To this I say we strike to be heard. To disrupt the system. To force policymakers and the people in power to see past corporate greed and open their eyes to the reality of the ecological crisis that we are experiencing. We strike because we can. We strike for the indigineous people of the Amazon, the lungs of our plant and centre of biodiversity, whose forests are still burning to clear room for beef agriculture. We strike for refugees displaced by inhospitable temperatures as a result of climate change. We as we already witnessing the effects of climate change, with more frequent extreme weather events and changing seasonal patterns being seen around the world. We strike for those who have lost their homes due to increasingly intense storms, droughts and floods.

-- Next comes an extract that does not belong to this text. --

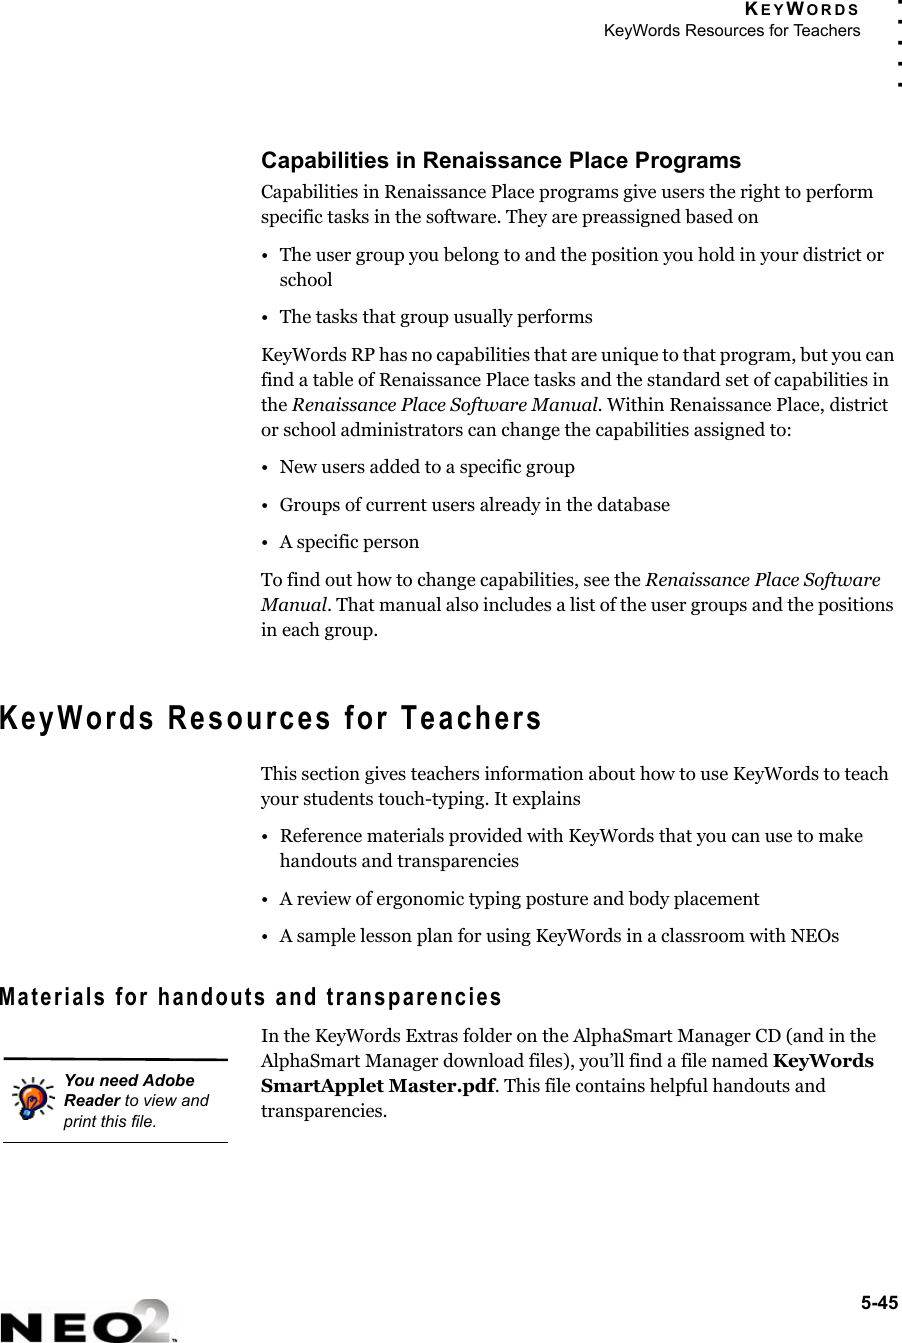 KEYWORDSKeyWords Resources for Teachers5-45. . . . .Capabilities in Renaissance Place ProgramsCapabilities in Renaissance Place programs give users the right to perform specific tasks in the software. They are preassigned based on• The user group you belong to and the position you hold in your district or school• The tasks that group usually performsKeyWords RP has no capabilities that are unique to that program, but you can find a table of Renaissance Place tasks and the standard set of capabilities in the Renaissance Place Software Manual. Within Renaissance Place, district or school administrators can change the capabilities assigned to:• New users added to a specific group• Groups of current users already in the database• A specific personTo find out how to change capabilities, see the Renaissance Place Software Manual. That manual also includes a list of the user groups and the positions in each group.KeyWords Resources for TeachersThis section gives teachers information about how to use KeyWords to teach your students touch-typing. It explains• Reference materials provided with KeyWords that you can use to make handouts and transparencies• A review of ergonomic typing posture and body placement• A sample lesson plan for using KeyWords in a classroom with NEOsMaterials for handouts and transparenciesIn the KeyWords Extras folder on the AlphaSmart Manager CD (and in the AlphaSmart Manager download files), you’ll find a file named KeyWords SmartApplet Master.pdf. This file contains helpful handouts and transparencies. You need Adobe Reader to view and print this file.

Dangerous carbon emissions levels
We strike for that polar bear cartoons on our packaged cereal boxes as their real life habitats are destroyed by melting ice caps. Changes in climate and weather are forcing species to migrate to new areas. There is plenty of evidence already of species’ ranges shifting as a result of changing conditions. Those that cannot adapt or escape their newly inhospitable area are likely to die off. When I speak of species, I speak of humans too. We strike to survive. We have burned so much carbon into the atmosphere that the CO2 levels are higher than they have been for the past 3 million years. In the last decade, our carbon emission levels are the highest in history, and we have not yet experienced their full impact. If we were to stop emitting carbon dioxide tomorrow, we are still on track for much higher temperatures for decades. And we are certainly not stopping our emissions by tomorrow. This blanket of carbon in the atmosphere has triggered, and will trigger, further runaway warming systems that are not under our control.
Each day, the extra energy that is trapped on our planet is equivalent to 400,000 Hiroshima bombs. There are no known technologies that can be deployed at a global scale to reverse the warming, and many climate scientists feel that the window for doing so is already closed, that we have passed the tipping point and the heat is on runaway no matter what we do. We are now in the midst of the sixth mass extinction with about 150 plant and animal species going extinct per day.

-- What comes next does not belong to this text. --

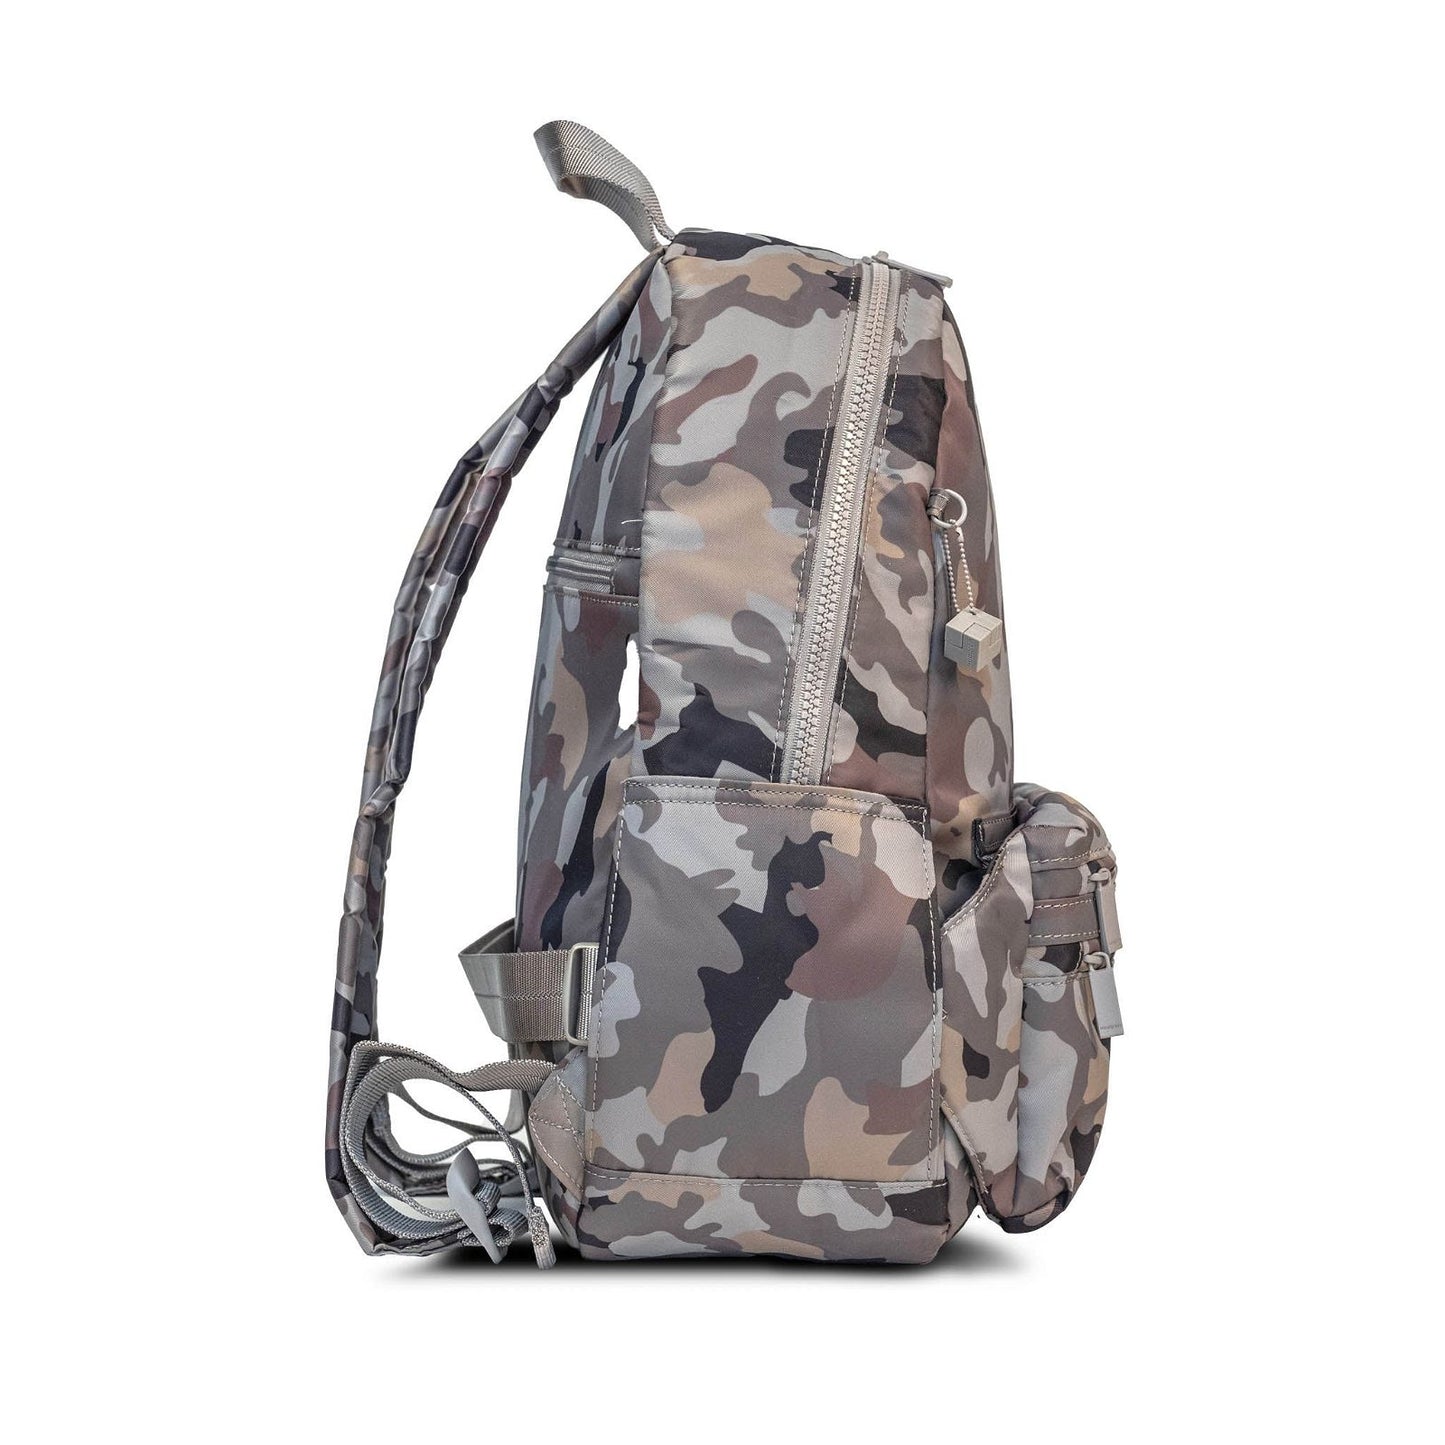 Hedgren Earth Sustainably Made Backpack with Detachable Waist Pack - rainbowbags

Some of the consequences we face are mass die-offs due to widespread drought, flooding, fires, forest mortality, diseases and dying ocean life — all of which we now see in preview. If we were to make it through these threats, we would still be facing mass starvation. We are now about one degree celsius above and climbing fast. As I became aware of these facts and many hundreds like them, I also marvelled at how unaware most people are to the coming catastrophes. There has never been a greater news story than that of humans facing extinction, and yet extinction is rarely mentioned on the evening news, social media, or on the front pages of newspapers. The public responds by remaining fascinated with sporting events, reality tv, the latest political scandals and celebrity gossip. We love to be distracted from ourselves, and we have so many ways of doing that in our time. We pay big money for the privilege and we run about chasing objects and experiences in its service.
To me we seem to be designed to put aside or entirely ignore future threats and instead focus only on immediate concerns and personal desires. This is understandable since for most of human history there was nothing we could do about future possibilities or events happening far from where we lived. However, this is happening here and now and we have a brief window of opportunity.

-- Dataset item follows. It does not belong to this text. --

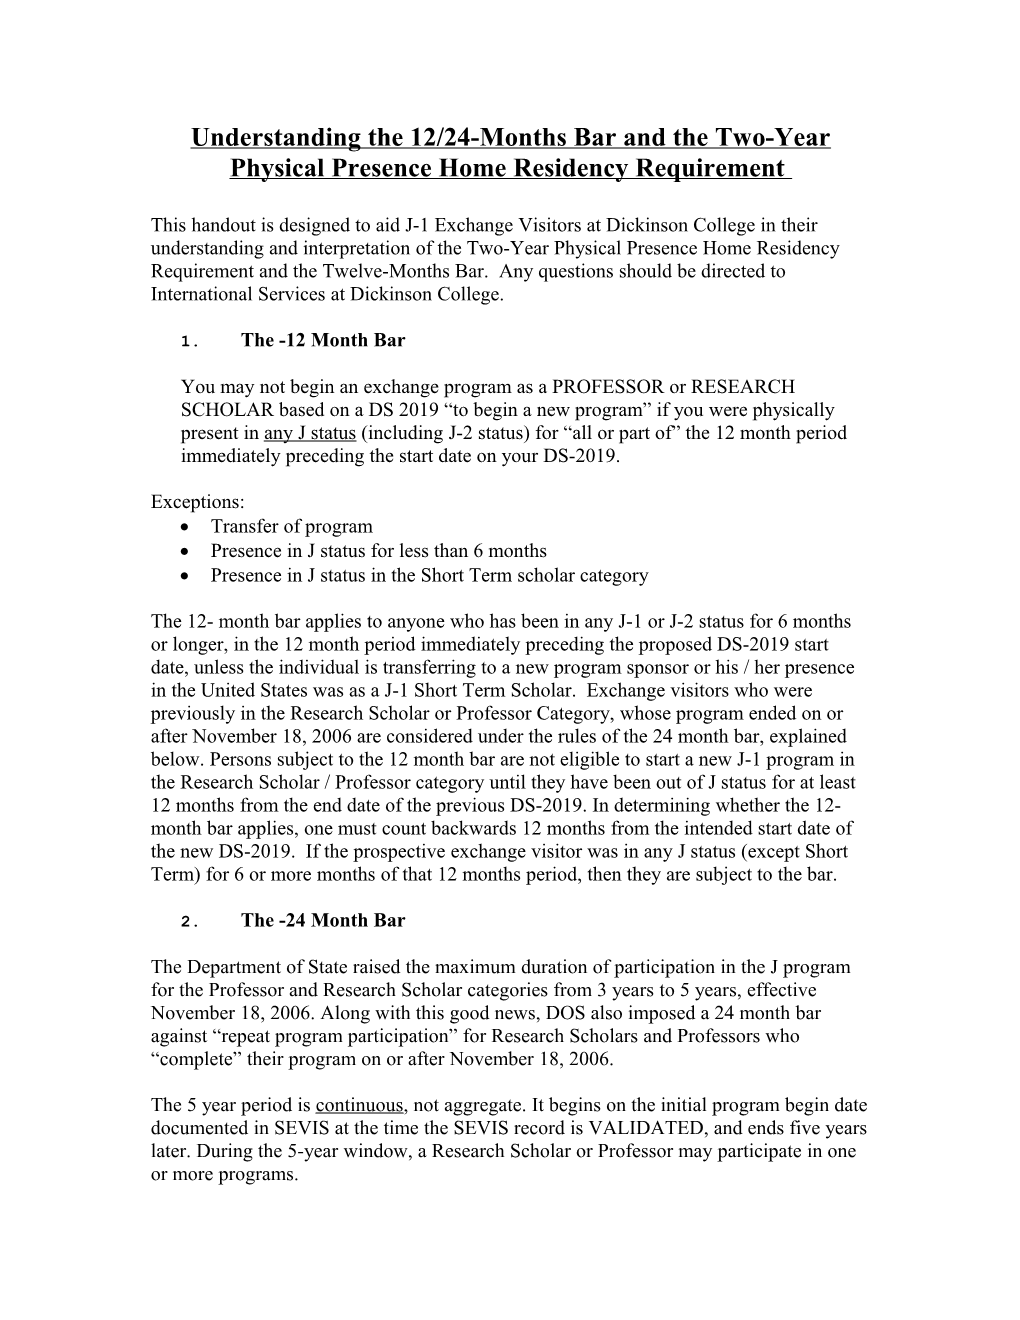 Understanding the Two-Year Physical Presence Home Residency Requirement and the Twelve-Months

Our government must do more
Last year the Intergovernmental Panel on Climate Change (IPCC) reported that emissions of carbon dioxide would have to be cut by 45 percent by 2030 in a bid to keep the rise in global temperatures below 1.5°C, that we had 12 years. But now more and more scientists are claiming the tipping point for addressing climate change could happen in the next 18 months. Our government must take this seriously and take radical action to limit our impact on the environment. We strike to save ourselves, to save our future children, to save our planet and home.